Consoante ressalta Carla Veríssimo (2017, p. 109), o crescimento da regulação e a criação de normas converteram-se na principal forma de governança, originando uma espécie de “capitalismo regulatório”.
Com efeito, o pioneirismo norte-americano em matéria de administração gerencial e regulatória, no âmbito da abordagem do então denominado New Public Management, encontrou resistência nas companhias, em especial as multinacionais, que viram nas regulações uma restrição competitiva em relação às empresas de outros países, as quais não estavam sujeitas a semelhantes limitações em sua atuação.
Impulsionado pelas investigações do caso Watergate, que culminou com a renúncia do presidente à época dos Estados Unidos, Richard Nixon, o Parlamento norte-americano promulgou o Foreign Corrupt Pratices Act (FCPA), em 1977, (UBALDO, 2017, p. 119), buscando combater práticas de corrupção que haviam se alastrado no setor privado, máxime o descobrimento, pela SEC (Securities Exchange Comission) que companhias norte-americanas estavam pagando milhões de dólares em propina, para corromper funcionários públicos estrangeiros. Ademais, as empresas estavam adulterando seus registros contábeis a fim ocultar estes pagamentos.
O FCPA, nesta senda, passou a permitir a responsabilização criminal das pessoas jurídicas de direito privado que integravam o lado da oferta da corrupção, comportando, inclusive, aplicação extraterritorial, às empresas estrangeiras que negociavam ações na bolsa de valores, nos Estados Unidos. (Código Federal dos Estados Unidos, Título 15. Comércio e Negociação, Cap. 2B: Bolsa de Valores, §78dd-2. Práticas comerciais de empreendimentos nacionais proibidas no exterior).
Instaurou-se, a partir de então, um incentivo concreto para que as empresas passassem a adotar medidas preventivas a fim de adequar-se às normas e regulamentos anti-suborno.
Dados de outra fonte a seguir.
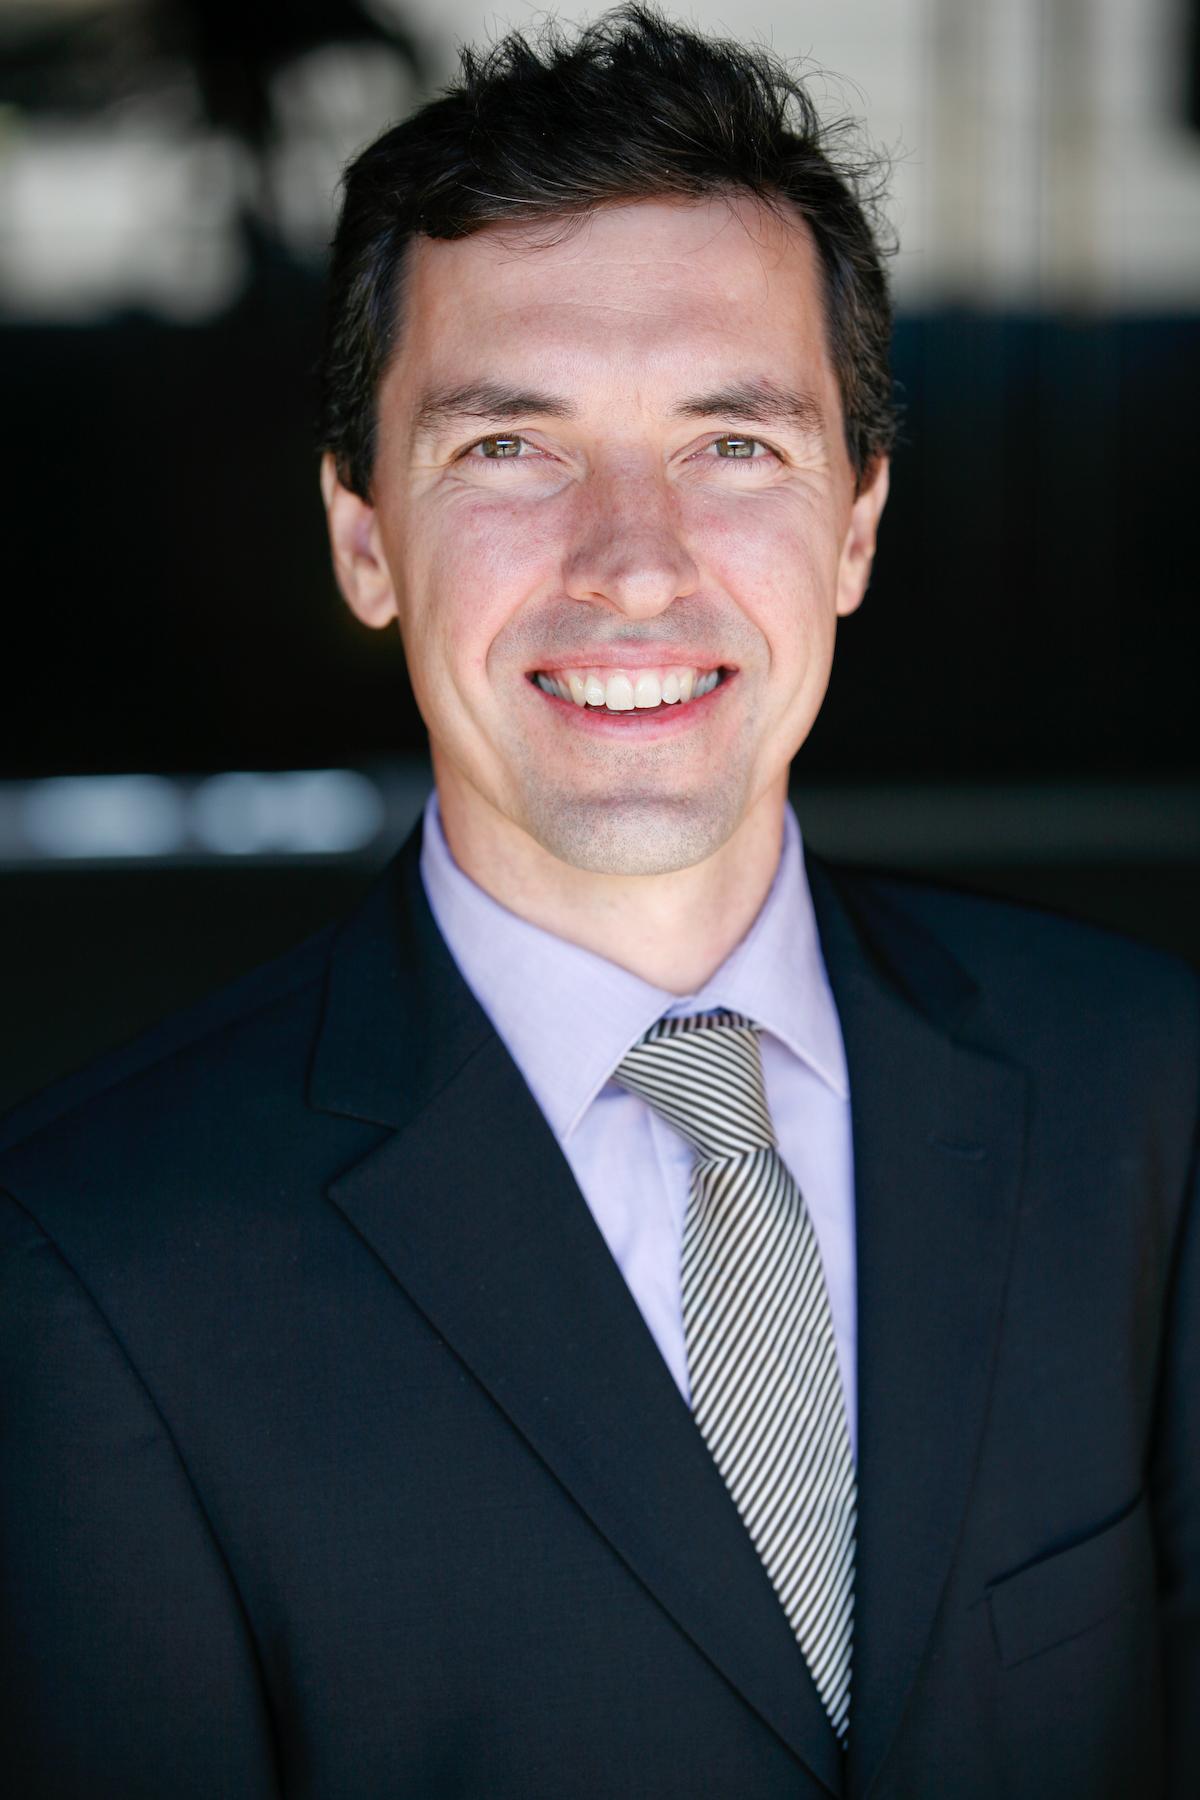 Julian Whike, Principal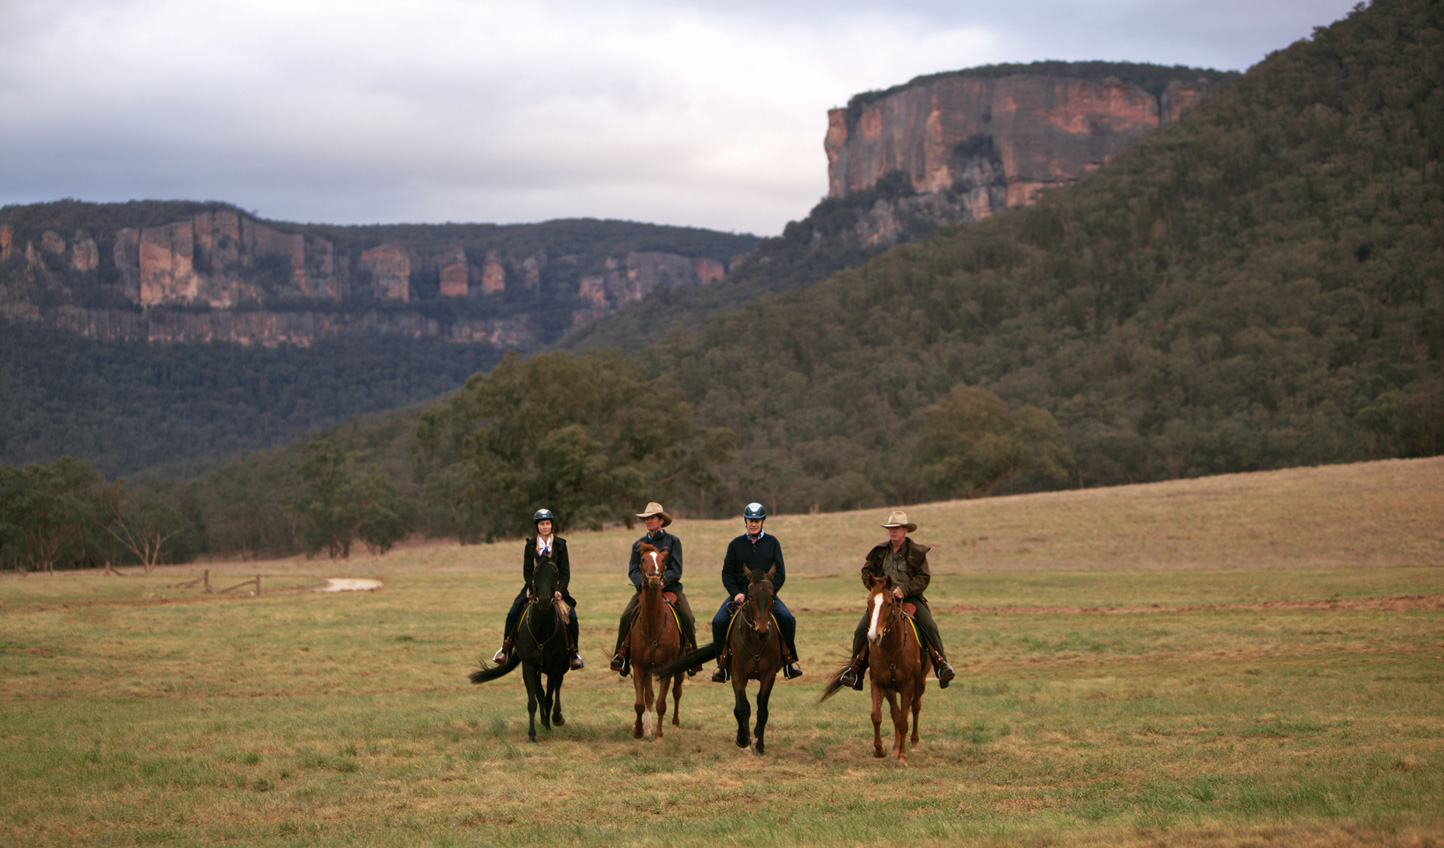 Explore the valley on horseback

Aliada aos escândalos públicos vindos do mercado financeiro, a nova legislação demonstrou que a regulação antitruste deveria se estender para além das fontes estatais, provindo dos próprios entes privados regulados, de modo que estes assumissem posições ativas na tutela de valores essenciais em sua atividade.
Tratava-se da necessidade de que, ademais das regulações estatais, as empresas promovessem regulações próprias (autorregulações), de aplicação interna, com o propósito de resguardar sua reputação e ativos contra eventuais desvios e episódios de corrupção, dando origem às políticas de compliance,
Brathwaite (apud VERÍSSIMO, 2017, p. 111) referia-se à autorregulação regulada enquanto estratégia para o enfrentamento da criminalidade do colarinho branco, levando em conta o fracasso do sistema de justiça e das regulações estatais para controlar as empresas. Ao contrário das regulações estatais, ela partiria da premissa segundo a qual a eficácia dos instrumentos de prevenção de fraudes depende da autovigilância interna.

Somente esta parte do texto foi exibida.